[Exercise instructions] Starting at the line containing "A red clay brick" and ending at the line containing "Vinicius Jr. becomes", transcribe the listing below exactly. Keep both end lines, skip the pictures, and copy nothing else.

### Dataset excerpt ###

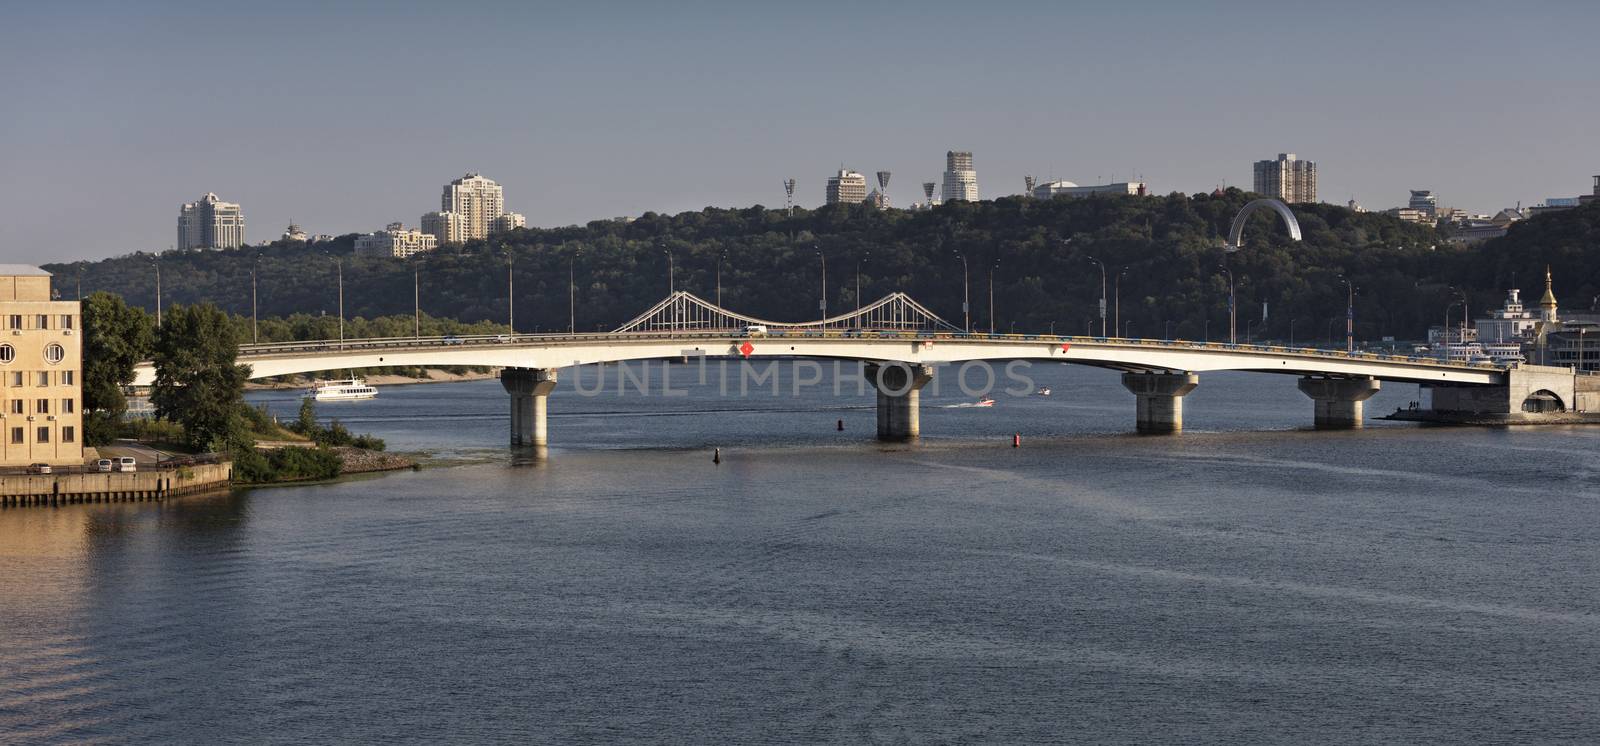 View of the Havana Bridge across the Dnipro River in Kiev in the rays of the evening sunset
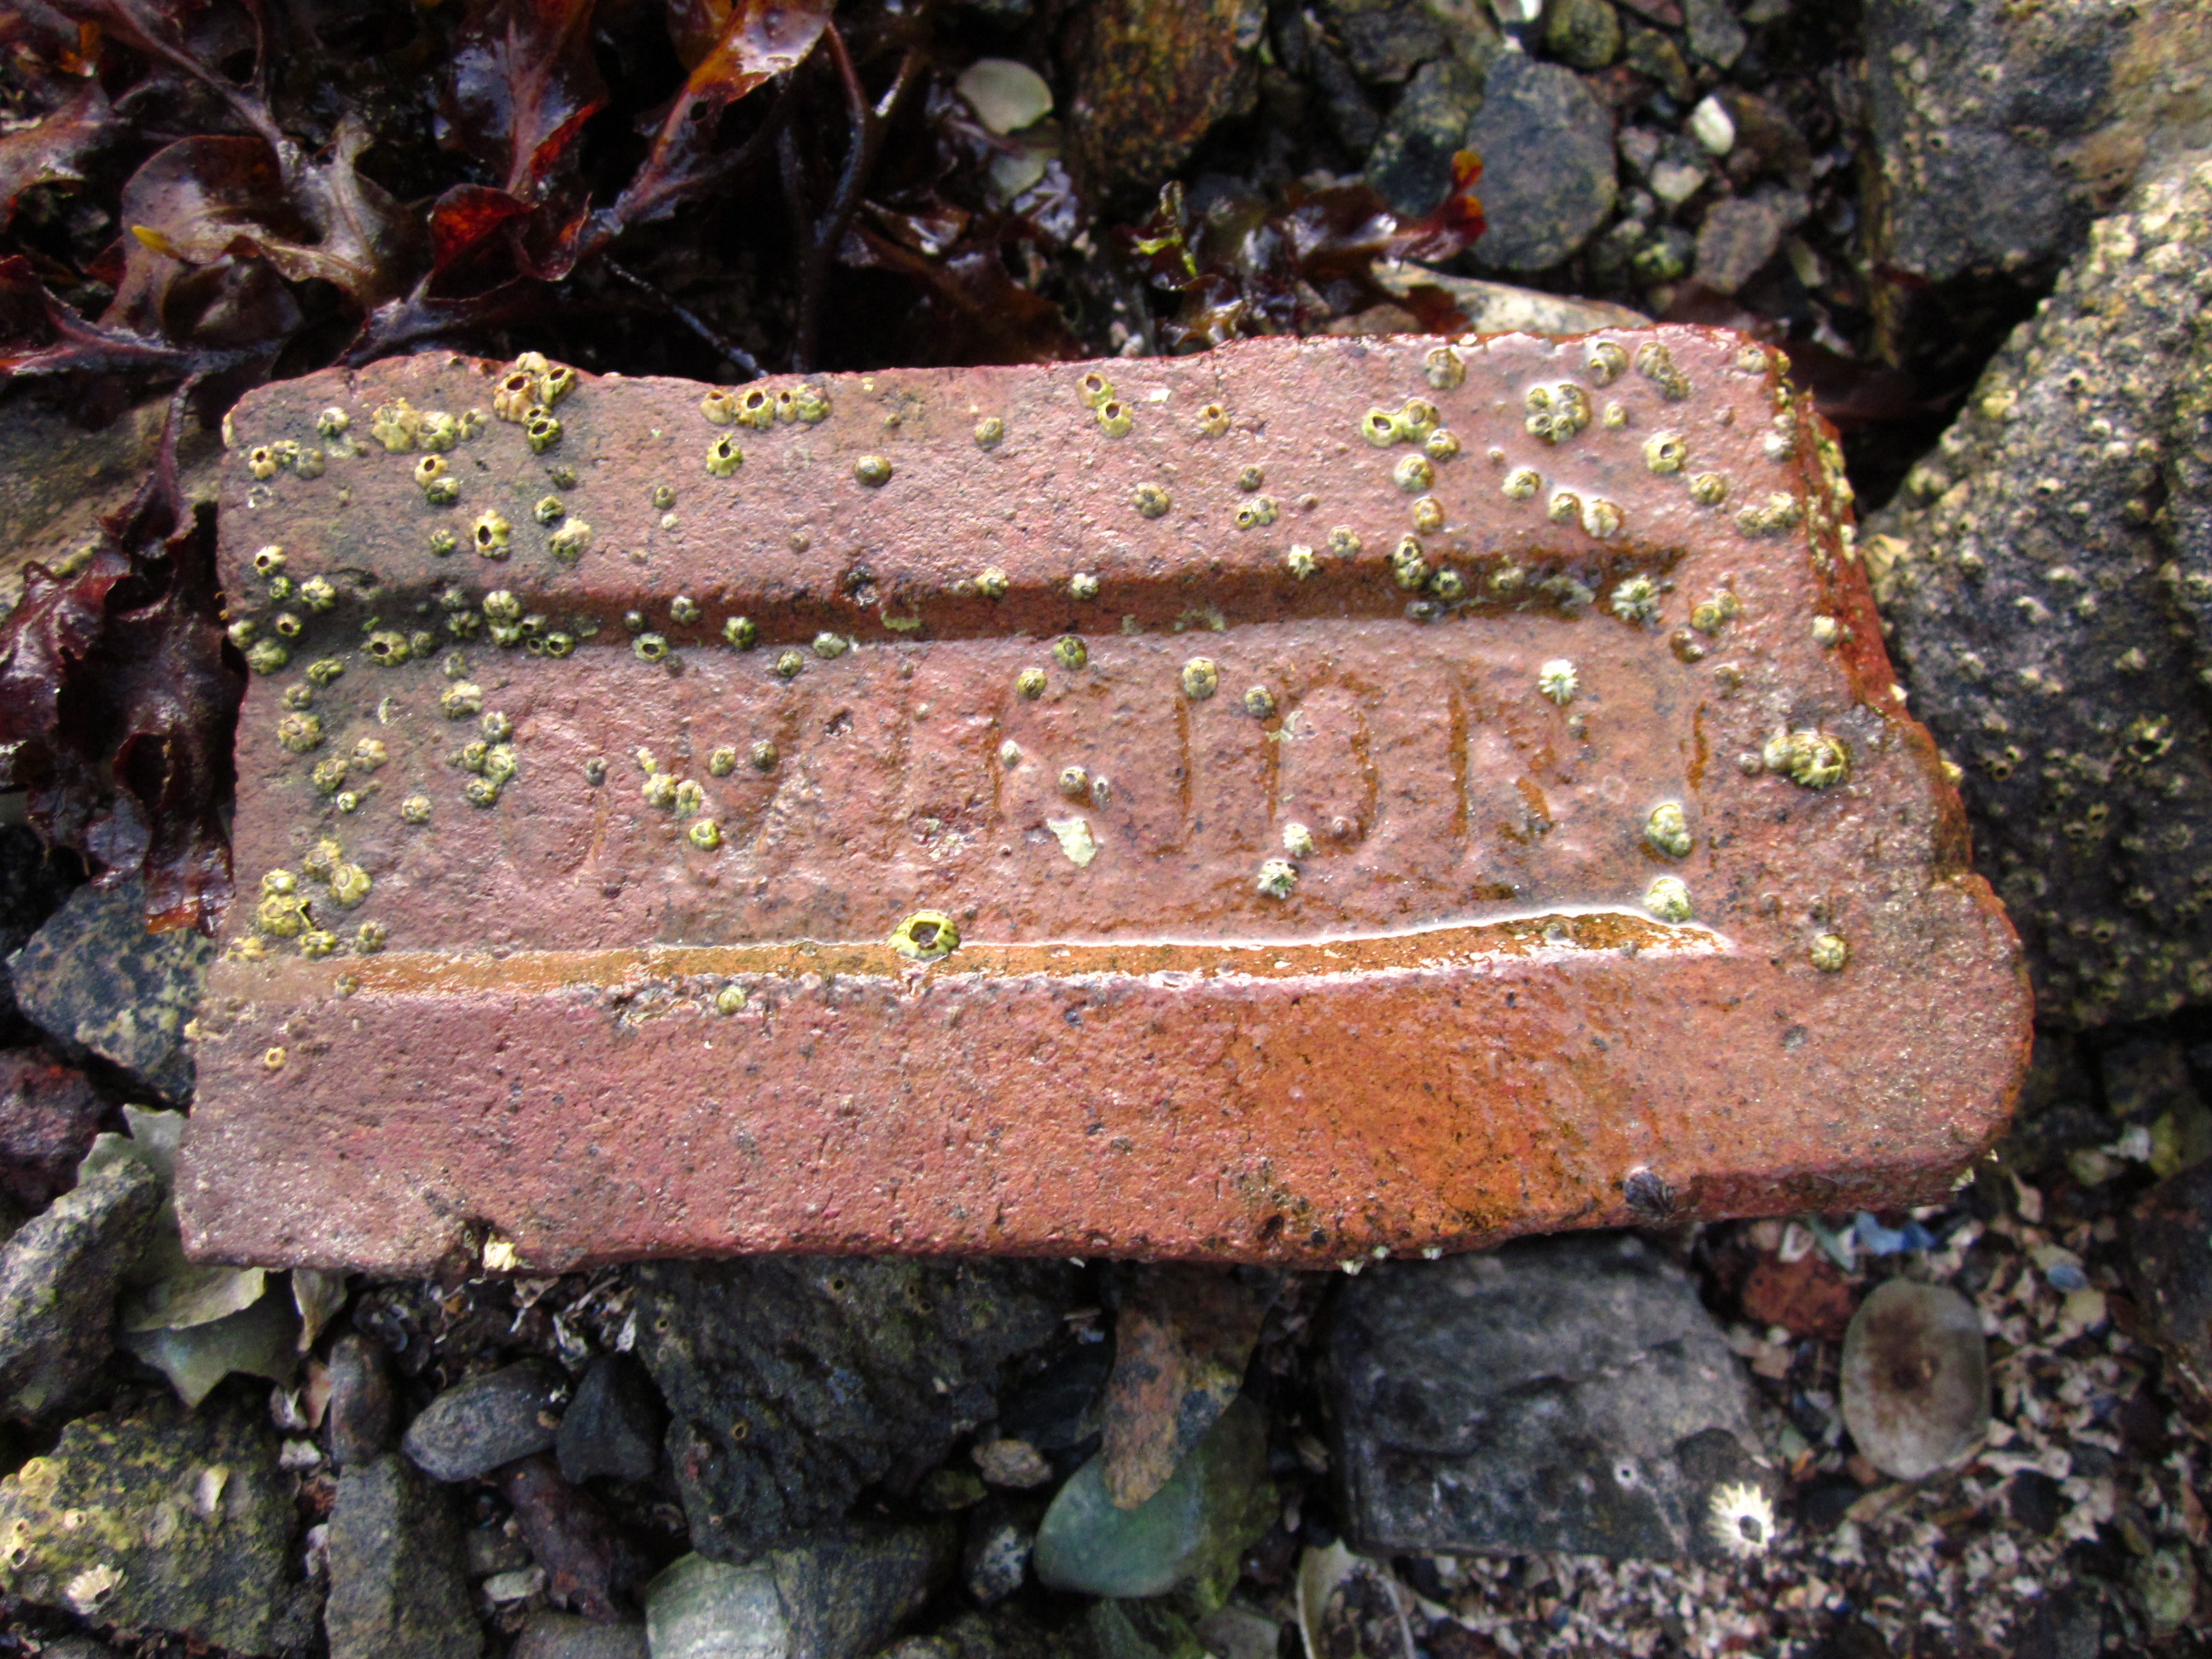 A red clay brick with some sort of text on it and little sea creatures growing on it.
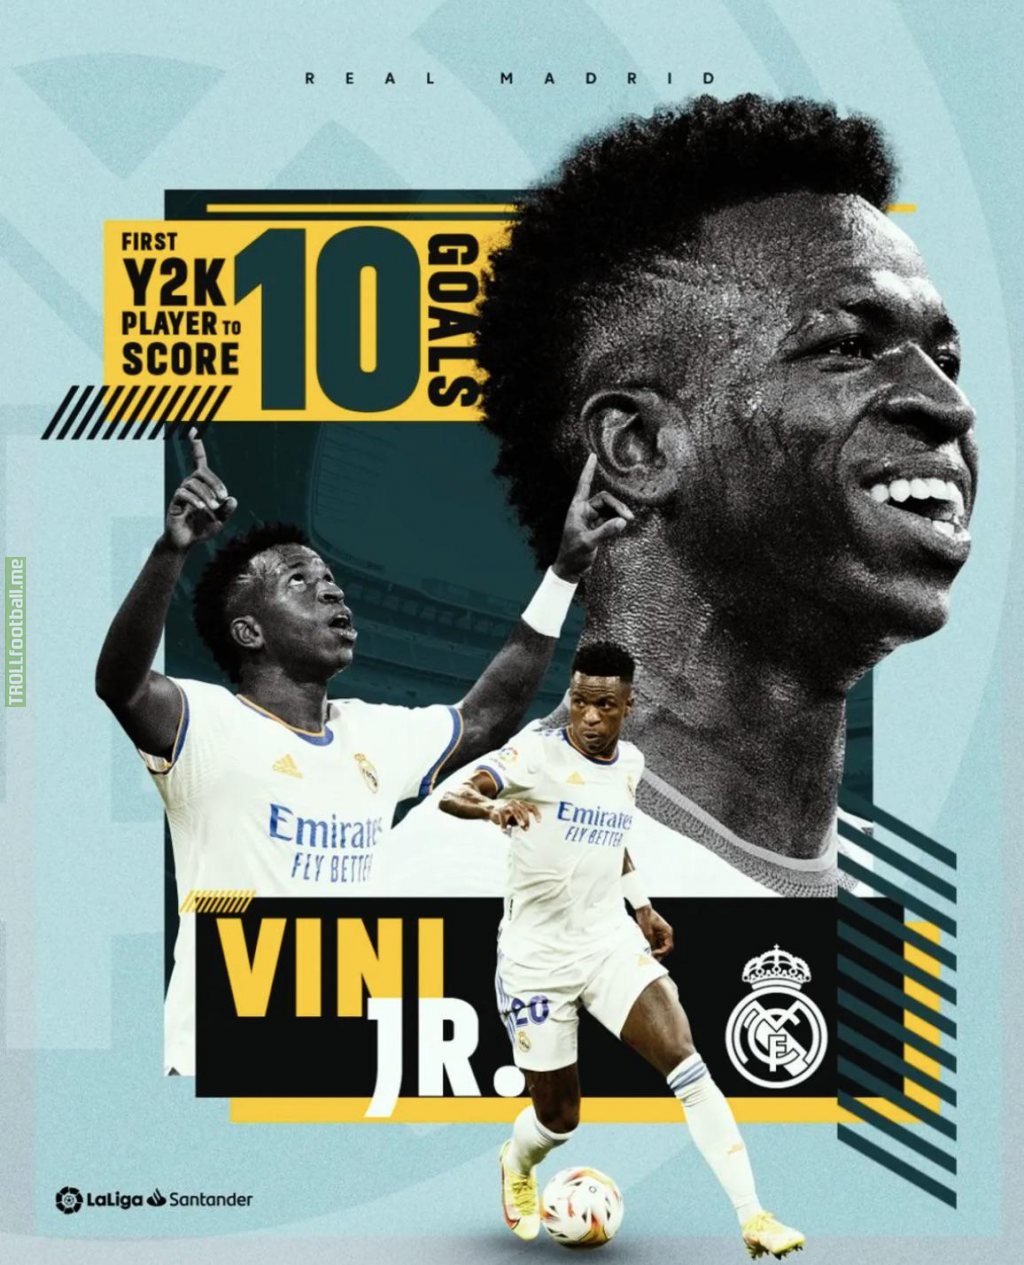 Vinicius Jr. becomes the first player born post-2000 to record double digit goals in La Liga with 10 in 16 appearances as of now.
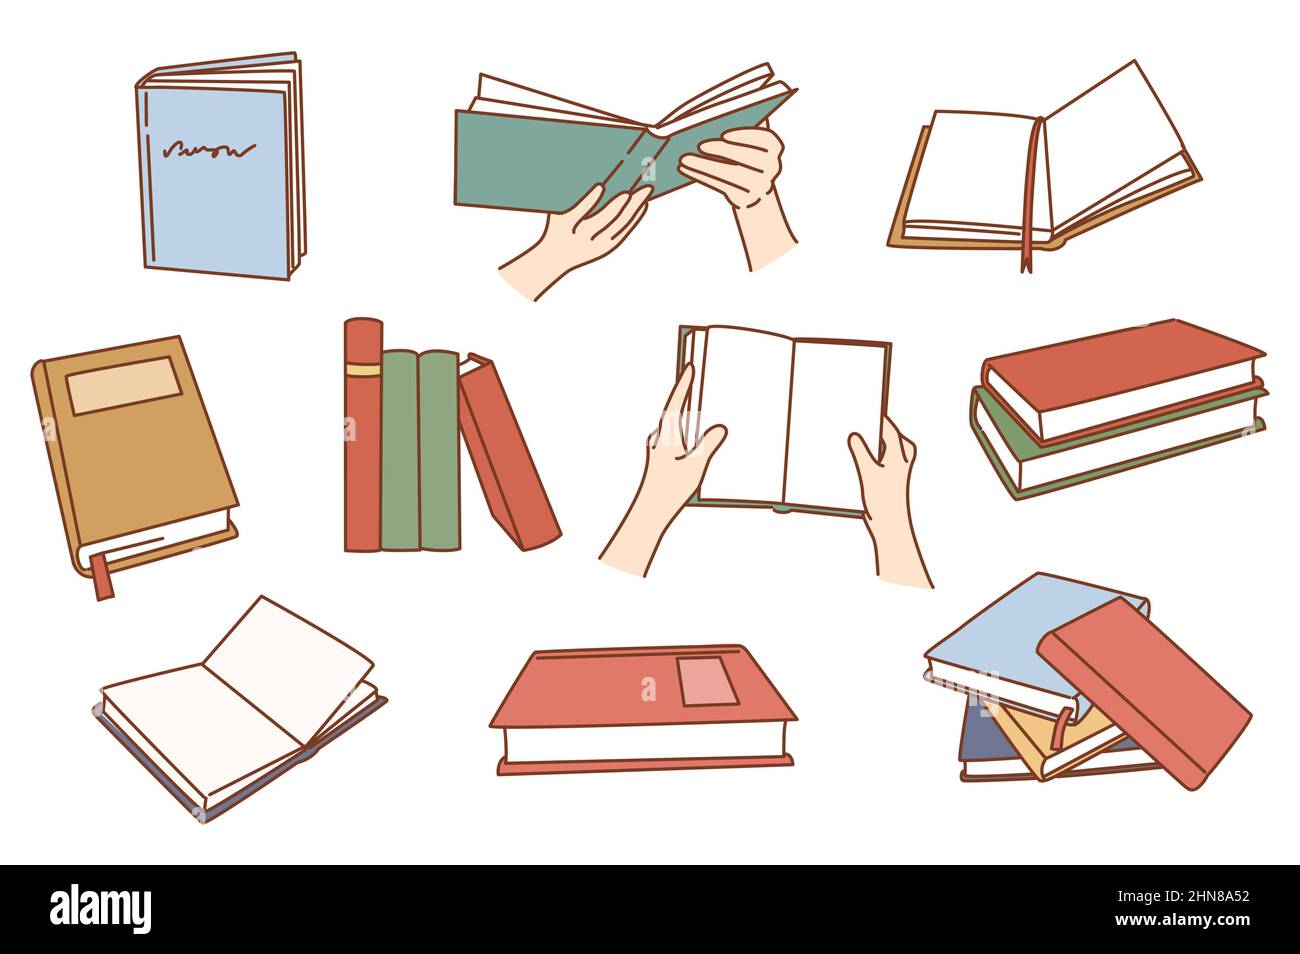 Set of books for school or university studying. Collection of people students read textbooks prepare for exam. Self-education and learning concept. Literature bundle. Flat vector illustration.  Stock Vector

###

[Answer below]
 A red clay brick with some sort of text on it and little sea creatures growing on it.
 Vinicius Jr. becomes the first player born post-2000 to record double digit goals in La Liga with 10 in 16 appearances as of now.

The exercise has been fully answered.